Il suo è stato definito romanzo di formazione. Concorda?
È un percorso di maturazione e presa di coscienza di due ragazzi (tre, se consideriamo anche Marida), che sono accomunati solo da un contesto ambientale. Entrambi perderanno progressivamente l’innocenza dell’infanzia, in modo doloroso, traumatico; passeranno attraverso diverse fasi in cui si chiederanno più volte “chi sono io?”, “chi è lui?” e riusciranno a definire la propria identità per contrasto e opposizione all’altro. La costruzione della chiesa non fa che amplificare la metafora della costruzione della loro identità, il loro farsi uomini.
Com’è arrivato al titolo La fabbrica del santo? Lo ha proposto lei o lo ha scelto la casa editrice?
«È stato il titolo a venire prima della storia, in un certo senso. È un titolo molto evocativo, che ha anche una duplice chiave di lettura. L’ho avuto in mente da subito, appena partorita l’idea del romanzo. L’ho proposto io alla casa editrice, che invece ne cercava uno più diretto, più assimilabile ad altri successi editoriali. Ci ho creduto subito, e penso che questo libro non potrebbe avere un altro titolo.»
La fabbrica del santo potrebbe far pensare a un libro in cui la fede riveste un ruolo preponderante…
«Non è un’agiografia, non tratta temi religiosi. Però, allo stesso tempo, non allontana i credenti, perché ruota intorno alla figura di un santo, realmente esistito e di cui si ha ancora una memoria collettiva.»
Come ha espresso la sua personale voce di scrittore nel testo? In che modo lo ha reso “suo”?
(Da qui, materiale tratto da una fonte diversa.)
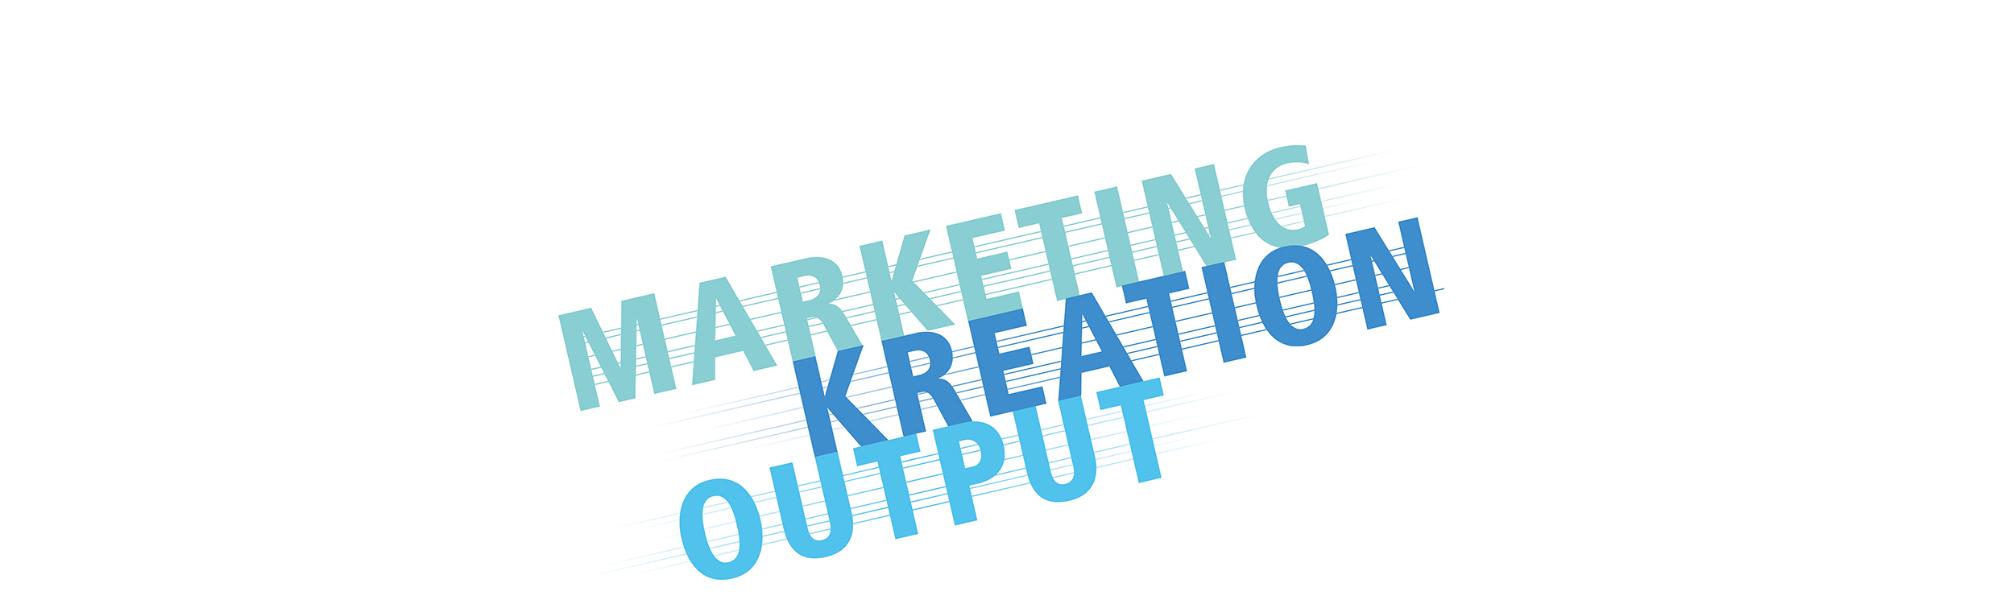 Slider 4 Marketing_Kreation_Output

Ho cercato di andare indietro nella memoria, attingendo ai ricordi che avevo di certe parole, di dialettismi, di suggestioni visive della mia infanzia, per ricostruire in forma letteraria il mondo perduto di un borgo del Sud Italia. Ho usato tanti dialoghi, frasi brevi e secche, capitoli corti e incisivi, per dare un ritmo serrato, restituire il senso dell’attesa di qualcosa che sta per arrivare e che è sempre rimandata.
Lei ha studiato Cinema. C’è qualcosa di filmico nella sua scrittura?
«Indubbiamente. La mia è una descrizione quasi fotografica − ho tenuto il testo il più asciutto possibile, con scene che già erano pensate in modo filmico − e poi c’è stato un grosso lavoro di montaggio, fatto di tre linee narrative diverse, che si sviluppano parallelamente, ma che si toccano sempre, fino a confluire nel finale.»
Prevede un seguito di questo libro?
«Il finale non chiude tutte le porte, non dà tutte le risposte. E Valentino e Salvatore potrebbero ancora farsi altro male, mascherato da briciol di bene. Ma credo proprio che abbiano esaurito tutto quello che io ho voluto dire attraverso di loro.»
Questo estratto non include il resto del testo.